Note: you must set `solver='liblinear'` if you're going to use the Lasso penalty!

**`C` is the regularization strength for LogisticRegression, but IT IS THE INVERSE OF ALPHA: 1/alpha. I don't know why they did this – it's stupid.**

1. Select everything but your target to be predictors.
- Normalize the predictors!
- Gridsearch the LogisticRegression with regularization.
- Gridsearch the KNN.
- Compare their cross-validated accuracies.

In [66]:
#1
colvars = [x for x in hsq if x not in ['accuracy']]
x = hsq[colvars].values

#2
from sklearn.preprocessing import StandardScaler

s = StandardScaler()

norm_x = s.fit_transform(x)

In [47]:
#3
# Setup our GridSearch Parmaters
search_parameters = {
    'penalty':  ['l1','l2'],
    'solver':  ['liblinear']
}

# Intialize a blank model object
log = LogisticRegression()

# Initialize gridsearch
grid = GridSearchCV(log, search_parameters, cv=5)
log_best = grid.fit(norm_x,y).best_estimator_

In [48]:
# Setup our GridSearch Parmaters
search_parameters = {
    'n_neighbors':  range(1,101), 
    'weights':      ['uniform', 'distance']
}

# Intialize a blank model object
knn = KNeighborsClassifier()

# Initialize gridsearch
grid = GridSearchCV(knn, search_parameters, cv=5)
knn_best = grid.fit(norm_x,y).best_estimator_

In [50]:
cv_indices = StratifiedKFold(y, n_folds=5)

knn_scores = []
log_scores = []

log = LogisticRegression()

for train,test in cv_indices:
    x_train = norm_x[train,:]
    x_test = norm_x[test,:]
    y_train = y[train]
    y_test = y[test]
    
    knn_best.fit(x_train,y_train)
    log_best.fit(x_train,y_train)
    
    knn_scores.append(knn_best.score(x_test,y_test))
    log_scores.append(log_best.score(x_test,y_test))

print knn_scores
print log_scores
print 'KNN Score: ',np.mean(knn_scores)
print 'Log Score: ',np.mean(log_scores)
print 'Baseline: ',np.mean(y)

[0.7069767441860465, 0.68837209302325586, 0.71028037383177567, 0.70560747663551404, 0.69483568075117375]
[0.69767441860465118, 0.67441860465116277, 0.71028037383177567, 0.71962616822429903, 0.70892018779342725]
KNN Score:  0.701214473686
Log Score:  0.702183950621
Baseline:  0.716153127918


---

### 6. Explain why that regularization for logistic regression may have been chosen. Print out the most important variables for predicting your target from logistic regression.

In [63]:
results = pd.DataFrame({'Coef':log_best.coef_[0],'Predictor':[x for x in hsq.columns if x not in ['accuracy']],\
                       'Abs Coef':np.abs(log_best.coef_[0])})
results.sort_values(by='Abs Coef',ascending=False)
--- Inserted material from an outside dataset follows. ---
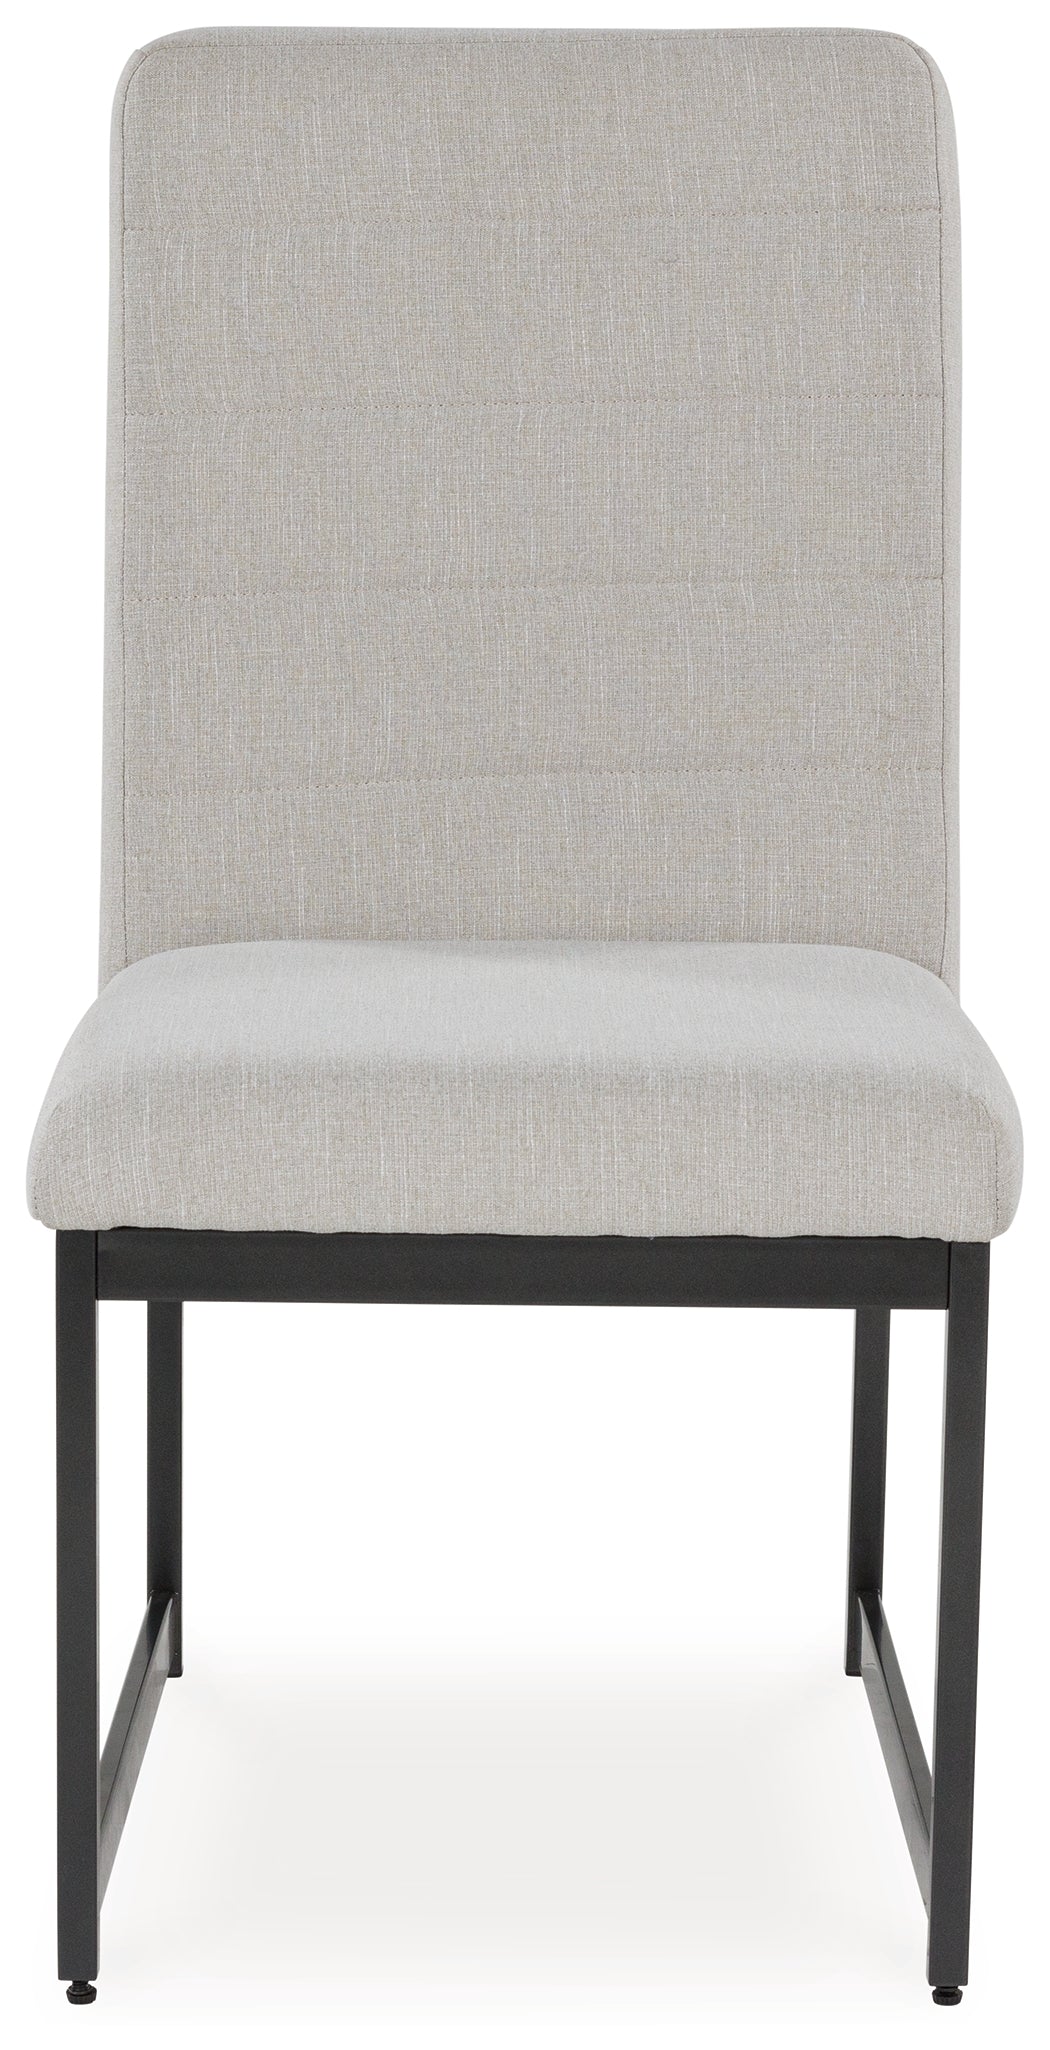 Tomtyn Dining Chair

Unnamed: 0,Abs Coef,Coef,Predictor
18,0.233267,0.233267,Q19
32,0.227369,0.227369,affiliative
29,0.226971,0.226971,Q30
19,0.168119,-0.168119,Q20
21,0.167344,0.167344,Q22
20,0.154513,-0.154513,Q21
13,0.139602,-0.139602,Q14
26,0.134658,-0.134658,Q27
4,0.127458,0.127458,Q5
16,0.12716,-0.12716,Q17


The not-strong ridge indicates to me that the variables are decently independent (but some multicollinearity) and that they are all reasonably useful for out-of-sample prediction.

---

### 7. Re-run a (non-regularized) logistic regression with only centered coefficients (not normalized). Interperet the baseline probability and the effect of one of your predictors.
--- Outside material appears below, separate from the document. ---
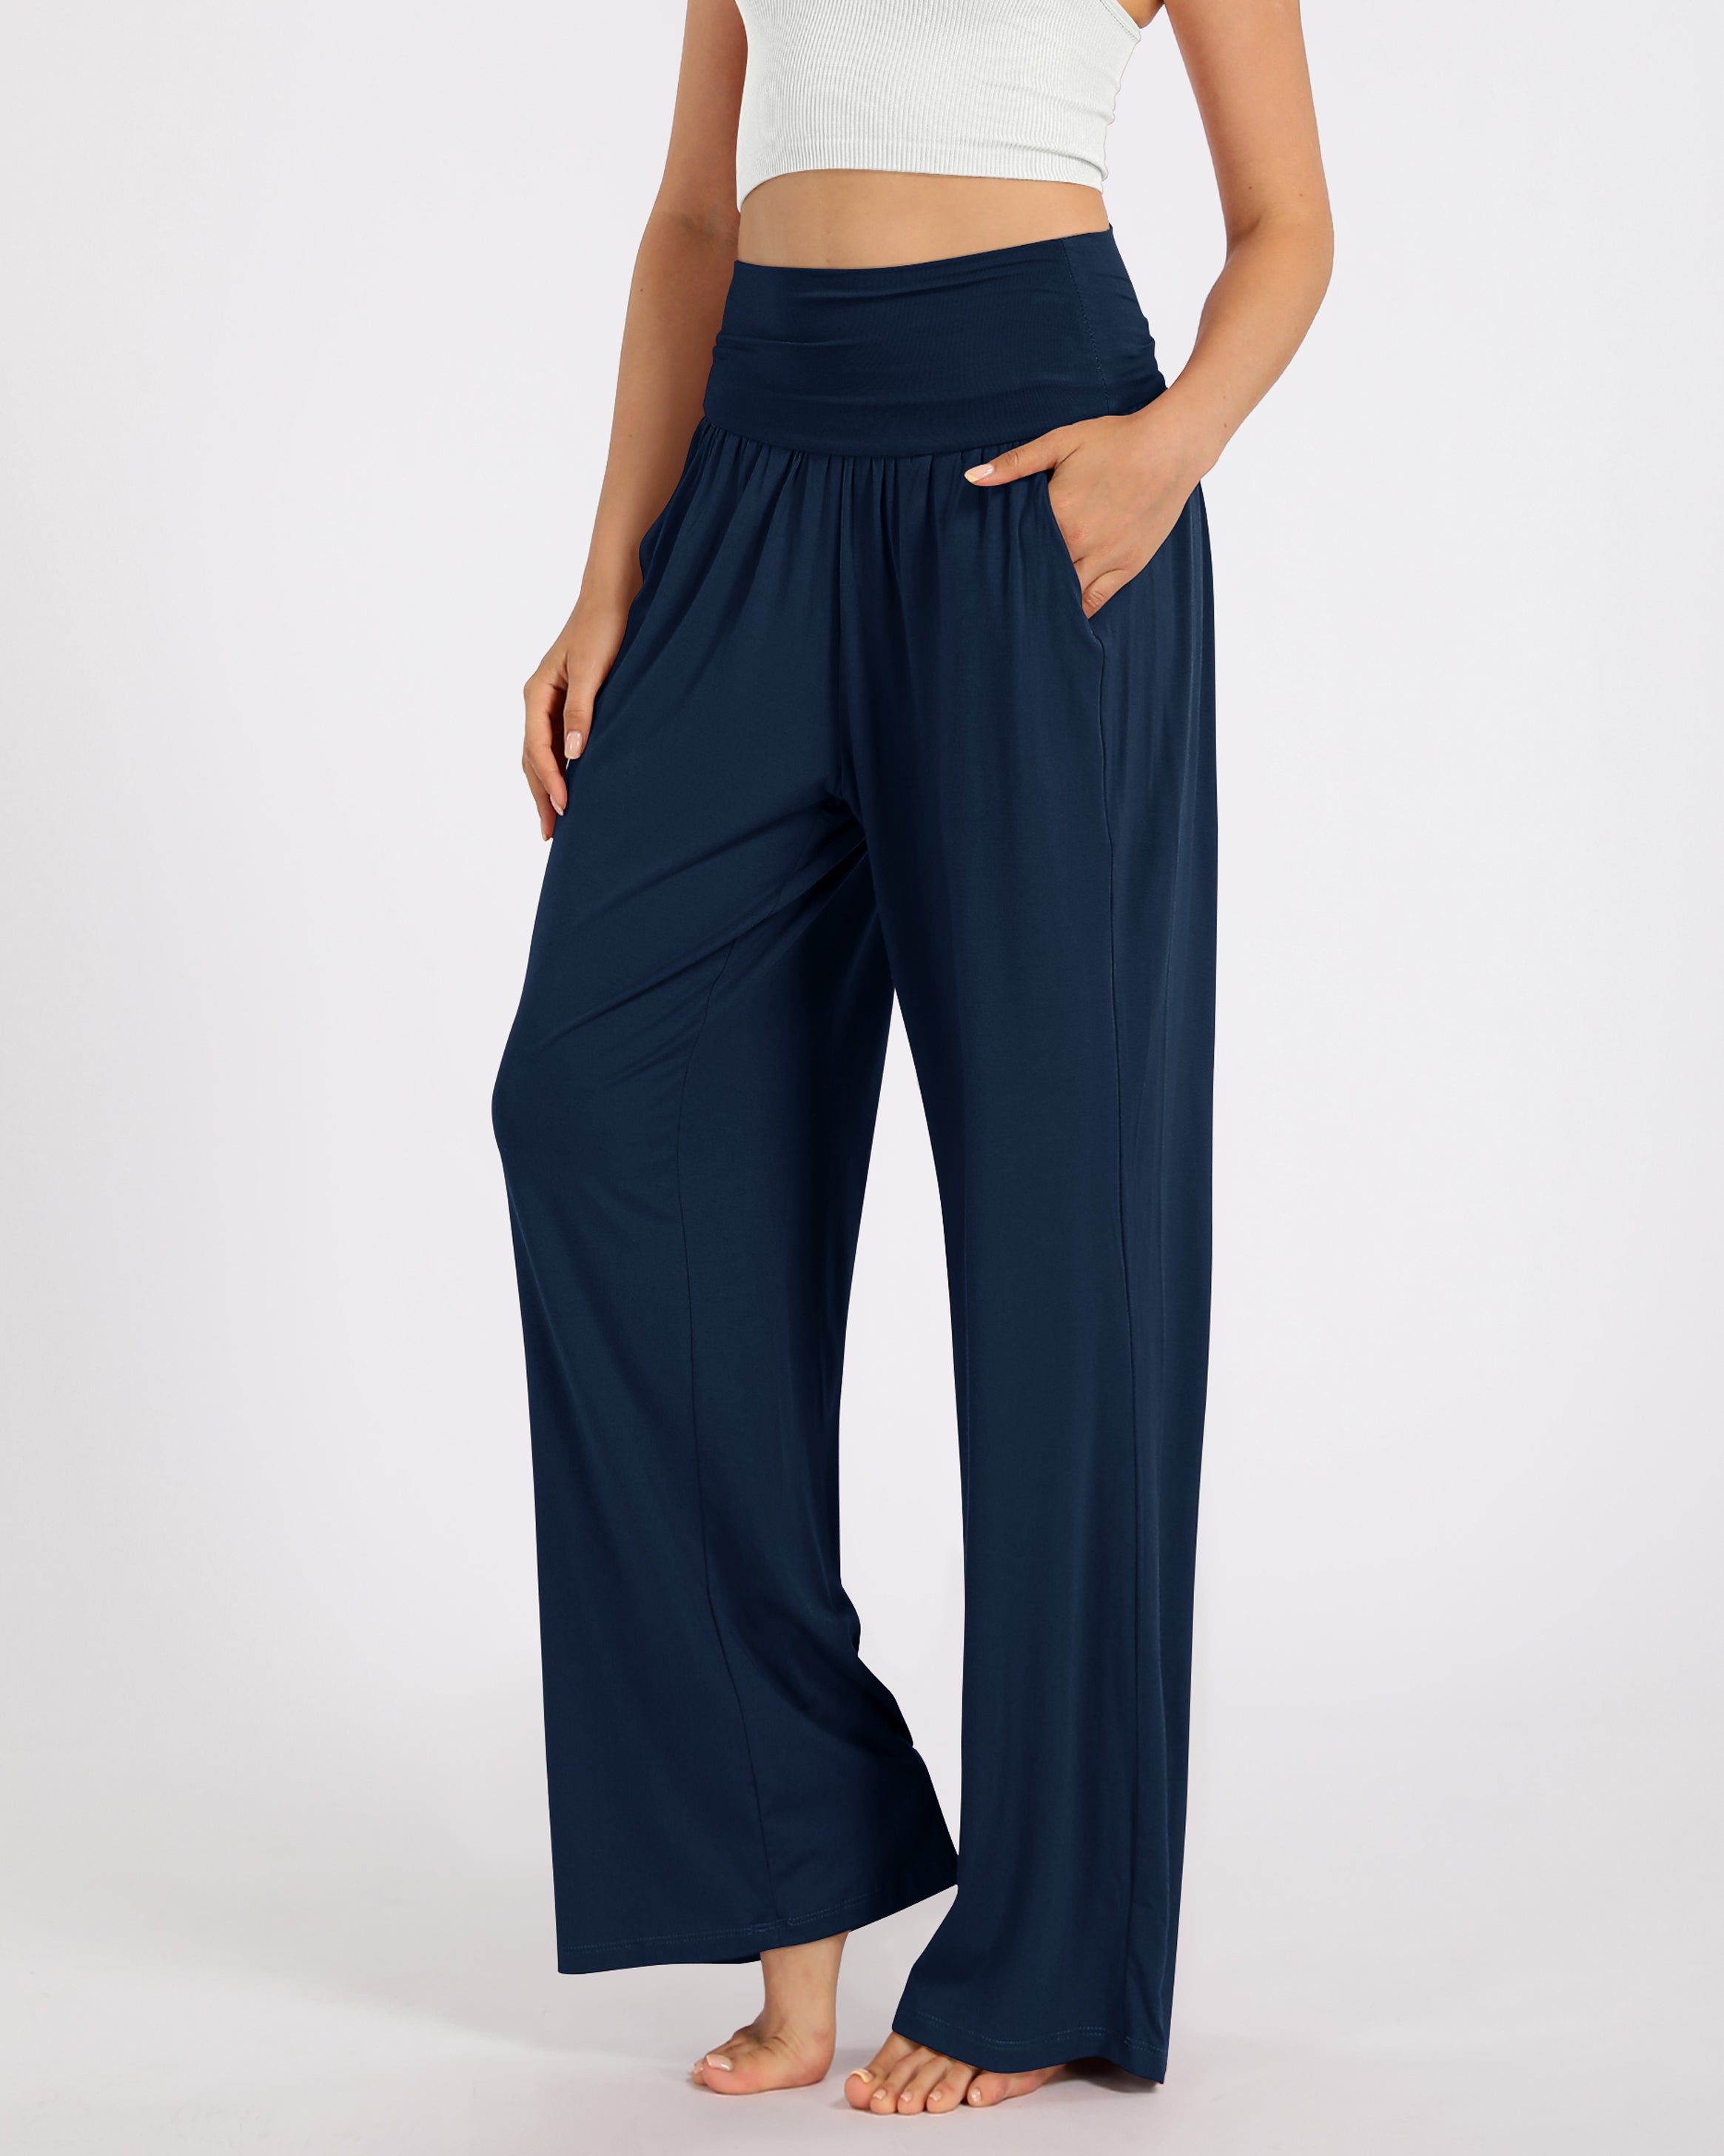 Wide Leg Lounge Pants with Pockets Navy - ododos

**sklearn's LogisticRegression actually uses l2 Ridge regularization by default with `C=1`! To "turn it off" set `C=1e10`.**

1. Fit the logistic regression using centered predictors.
- Write a function to turn coefficient results to probability (logistic transformation).
- Describe the baseline probability.
- Plot the distribution of one of your predictors.
- Describe based on the coefficient of the predictor the effect on probability of your target variable.

In [69]:
center_x = x - x.mean()

Yes, the baseline probability is different than the mean of the target. This can happen! It's not wrong.